Some publishers–Hachette, for example–want everything; authors and their agents want to divide it up so that they can negotiate more precise, and potentially more profitable, royalties. Here’s how agent Jim Gill of United Artists puts it:

He said while some basic enhancements might be covered by an existing grant of ebook rights, “beyond that we’re talking about very sophisticated products which don’t resemble at all what we’d all understand to be ‘a book’ licensed under a volume-rights agreement”. Gill added United Agents would “no sooner naturally sell those rights to a book publisher than we’d sell them film rights.”

I’ve grown increasingly less convinced that existing publishing cabals are capable of being leaders in yet-to-be-developed digital publishing platforms or formats.

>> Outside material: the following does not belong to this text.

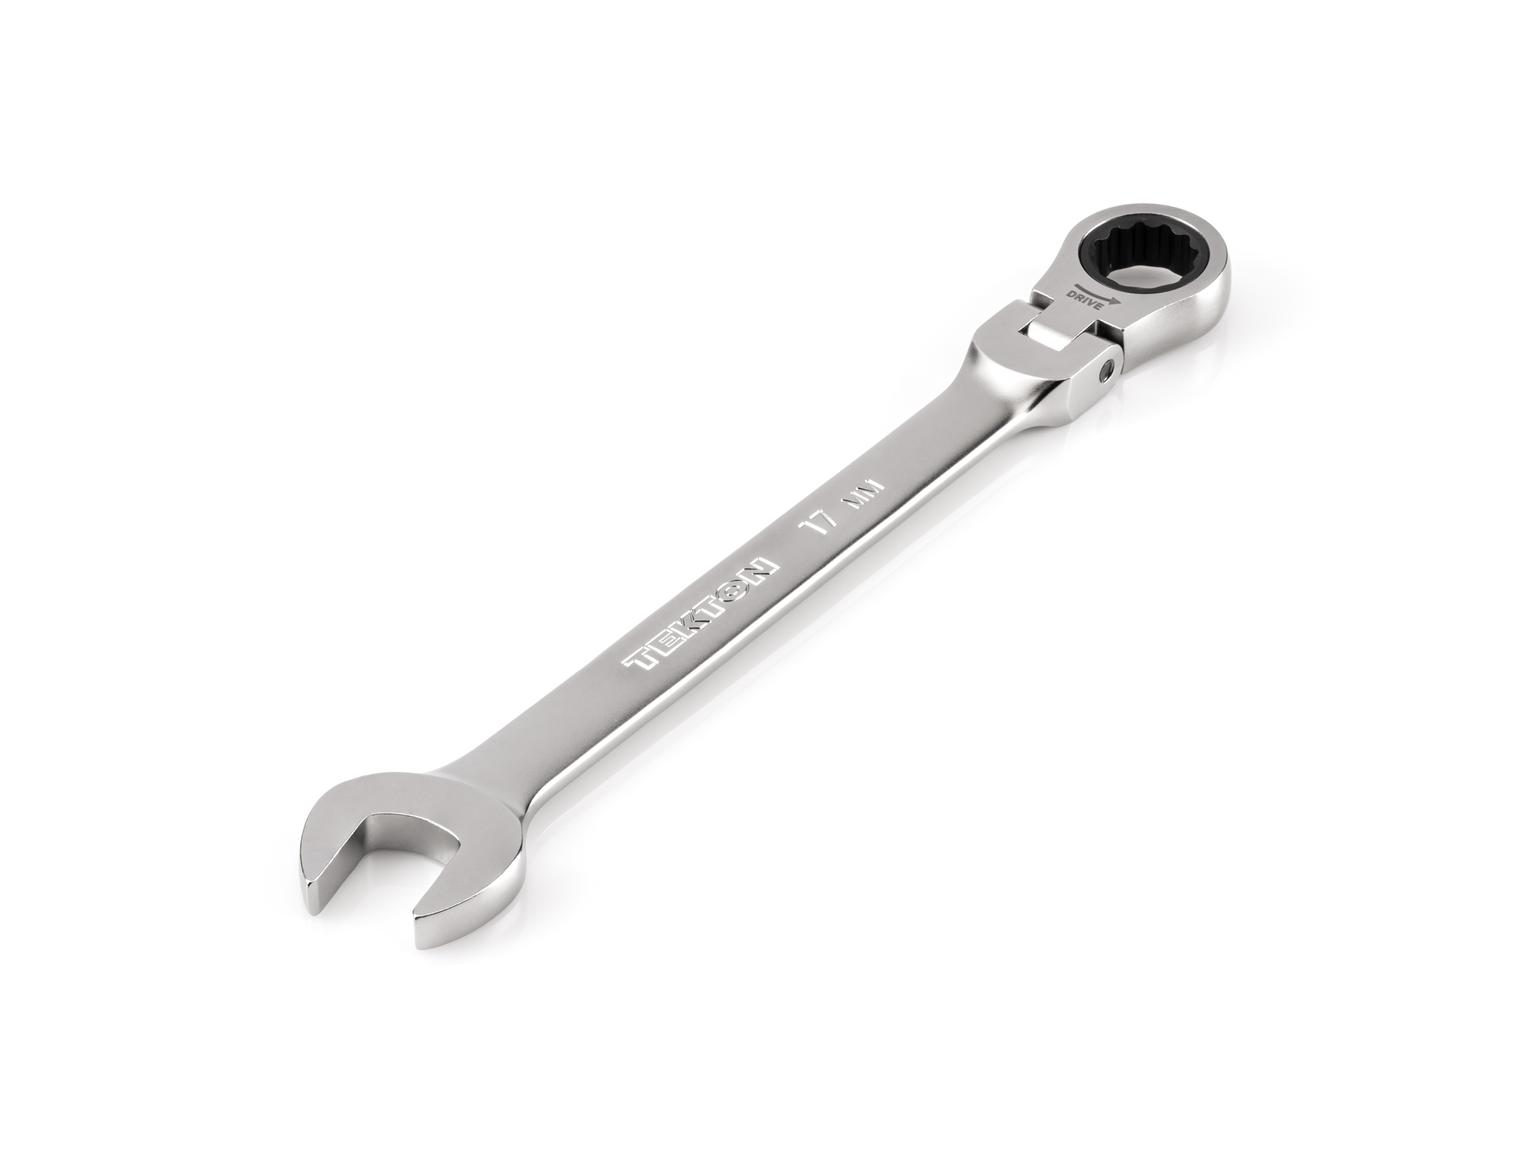 TEKTON WRC26417-T 17 mm Flex Head 12-Point Ratcheting Combination Wrench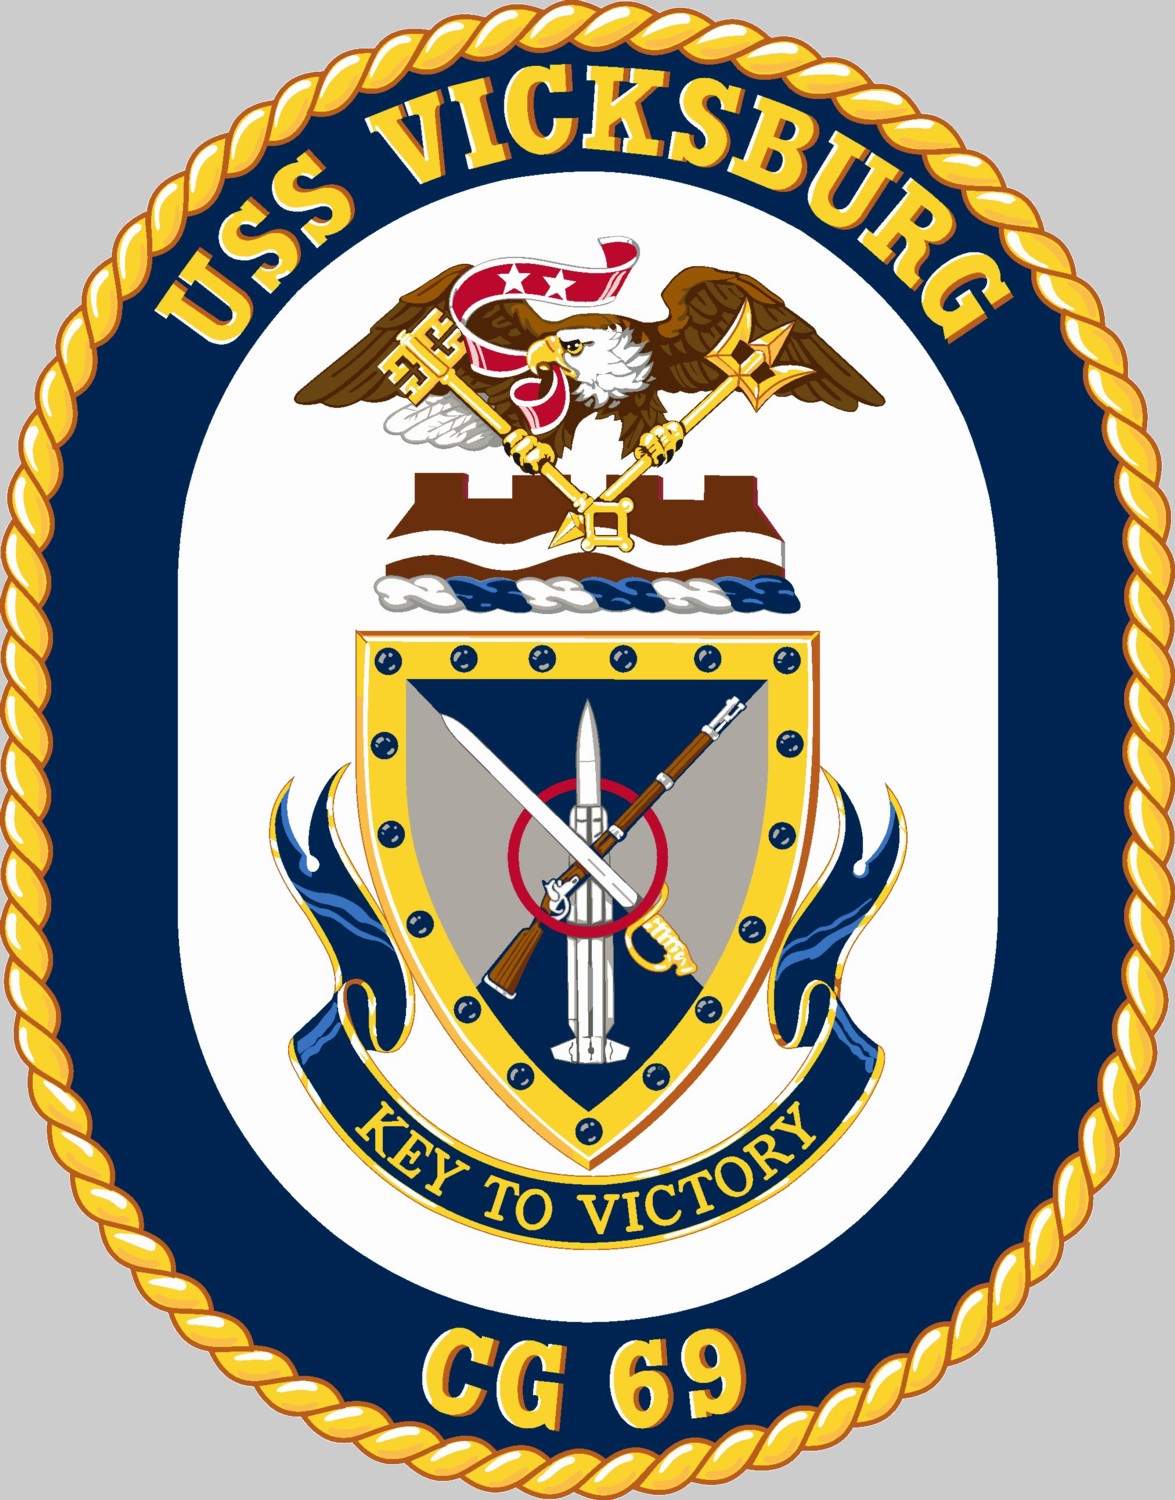 cg-69 uss vicksburg insignia crest patch badge guided missile cruiser us navy 02x

If the history of commerce on the Internet is at all predictive, then we probably have a good ten years before big publishers bring the right big guns to the fight and suck up the majority of the market. That leaves a lot of time for disruptive newcomers to transform the marketplace significantly enough that they emerge as permanent and powerful market leaders. See: Amazon this past decade.

Plenty of authors don’t want to worry about the business side of writing and publishing, which is why agents and publishers exist of course. But I’d caution any writer to hold as tightly to undefined rights as possible and to keep it out of a publisher’s hands–not so you can negotiate higher royalties down the line, but so you can experiment rapidly with new digital distribution methods without being hampered by slow-to-react corporations.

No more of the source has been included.